Kenya Ports Authority yard in Mombasa.
The recently signed Government-Owned Enterprises (GOE) Bill into an Act by President William Ruto is set to change the management of how parastatals are managed in Kenya.
The move will save taxpayers billions of shillings previously used in the management of the parastatals.
According to Section 9 of the Act, the entities will now operate as commercial organisations to make profit. They will also be self-sustaining and self-financing.
“A government-owned enterprise shall operate as a commercial entity and shall operate for profit, be self-sustaining, self-financing and be accountable to the public through the National Treasury,” reads the Act.
The First Schedule to the Act has listed 65 parastatals which are now listed as Government Owned Enterprises and will be required to operate as commercial entities, be self-financing, and self-sustaining.
Some of these parastatals include the Kenya Ports Authority, Kenya Power, Kenya Electricity Generating Company (KenGen), Kenya Railways Corporation, among others.
The Kenya Electricity Generating Company (KenGen) head offices in Nairobi.
During his State of the Nation Address last month, President Ruto said Kenya’s development ambitions—including improvements in roads, energy, water systems, logistics, education, and digital networks—require sustained and innovative financing models.
“We cannot continue funding essential infrastructure through unsustainable borrowing or burdening taxpayers with additional taxes. But neither can we afford to postpone these imperatives without risking our future,” President Ruto said
The Government-Owned Enterprises Act seeks to streamline the operations of state corporations and government-owned enterprises by enhancing accountability, efficiency, and alignment with national development priorities.
It also sets out public service obligations designed to improve transparency and performance standards.

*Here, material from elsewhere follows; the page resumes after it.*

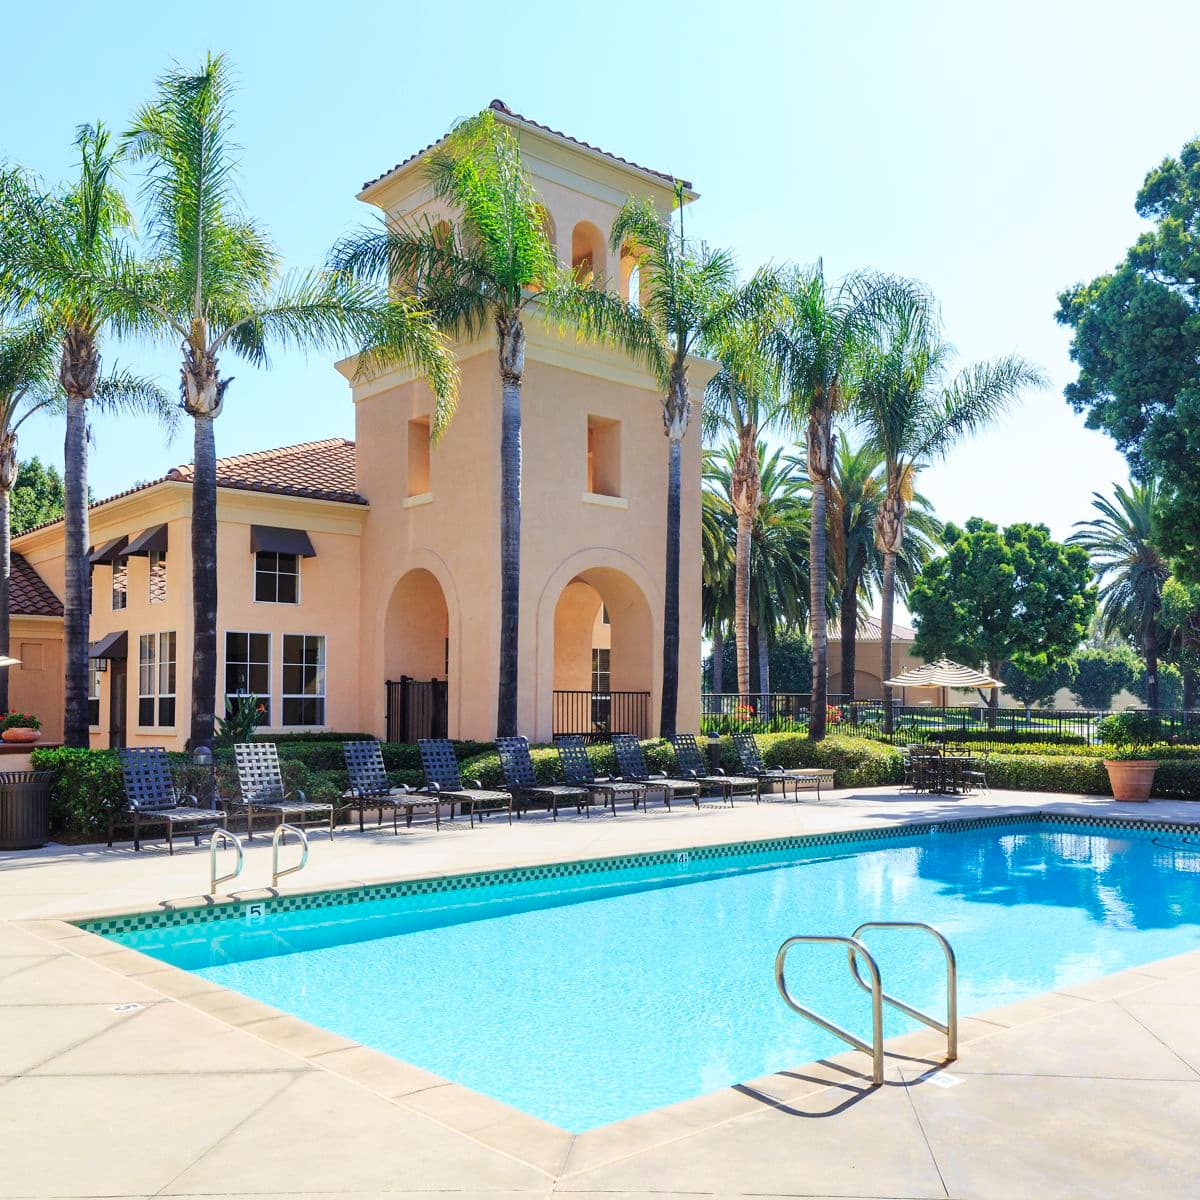 Villa Coronado Apartments in Irvine

The new Act, if implemented fully, will actualise some of the recommendations of a taskforce appointed by former President Uhuru Kenyatta on parastatals.
The taskforce which was chaired by the then Member for Mandera Central Constituency, Abdikadir Mohammed, came up with a number of proposals, including the need for dissolution and merger of several parastatals and adoption of a business-oriented code of conduct that would uphold efficiency and accountability.
Whereas the Taskforce Report gave impetus for change in governance of parastatals, the implementation of the report has, over the years, experienced resistance to change by the same parastatals that the government sought to make efficient.
In order to cure duplication of duties, wastage of public resources, bloated workforce and corruption that have often characterised operations of the parastatals, section 7 of the Act provides that when determining a request for the establishment of a Government Owned Enterprise, the guiding principles, such as what gap the new enterprise is going to fill in the market.
According to the Act, Government Owned Enterprise shall operate on commercial principles and with a defined commercial income stream that substantially supports the associated commercial activities.
The process of establishing a Government Owned Enterprise has also been tightened in the new Act, a move aimed at curbing the mushrooming of parastatals with no defined roles but gobbling millions of taxpayers ' money in financing their activities.
Kenya Power’s revenues took the biggest hit from industries with sales from this consumer class dropping by 9.5 per cent in the year ended June 2025.
According to section 8 of the Act, where the relevant Ministry requires a Government Owned Enterprise to be established, the relevant Cabinet Secretary shall submit to the Cabinet Secretary for National Treasury, a written request for the proposed establishment of the Government Owned Enterprise.
The request, according to the Act, must be accompanied by a written business case, with detailed justification for establishing the Government Owned Enterprise.
According to the new Act, the request to establish a Government Owned Enterprise will be subjected to a feasibility assessment report, which will have to clearly indicate various factors such as the financial and economic viability of establishing the proposed Government Owned Enterprise.
The assessment report will also answer the question of whether the proposed activity can be achieved through an existing Government Owned Enterprise or through the private sector.
Further, the assessment report that will be presented to the relevant CS for consideration will also handle the question of whether there is a need to establish a new Government Owned Enterprise.
The report will also include the proposed functions and objectives of the Government Owned Enterprise, how the activities of the proposed Government Owned Enterprise will fit in the relevant Ministry’s mandate, and the medium-term strategy, among others.
The tight conditions are aimed at guarding against the proliferation of unviable parastatals and eliminating duplication of roles.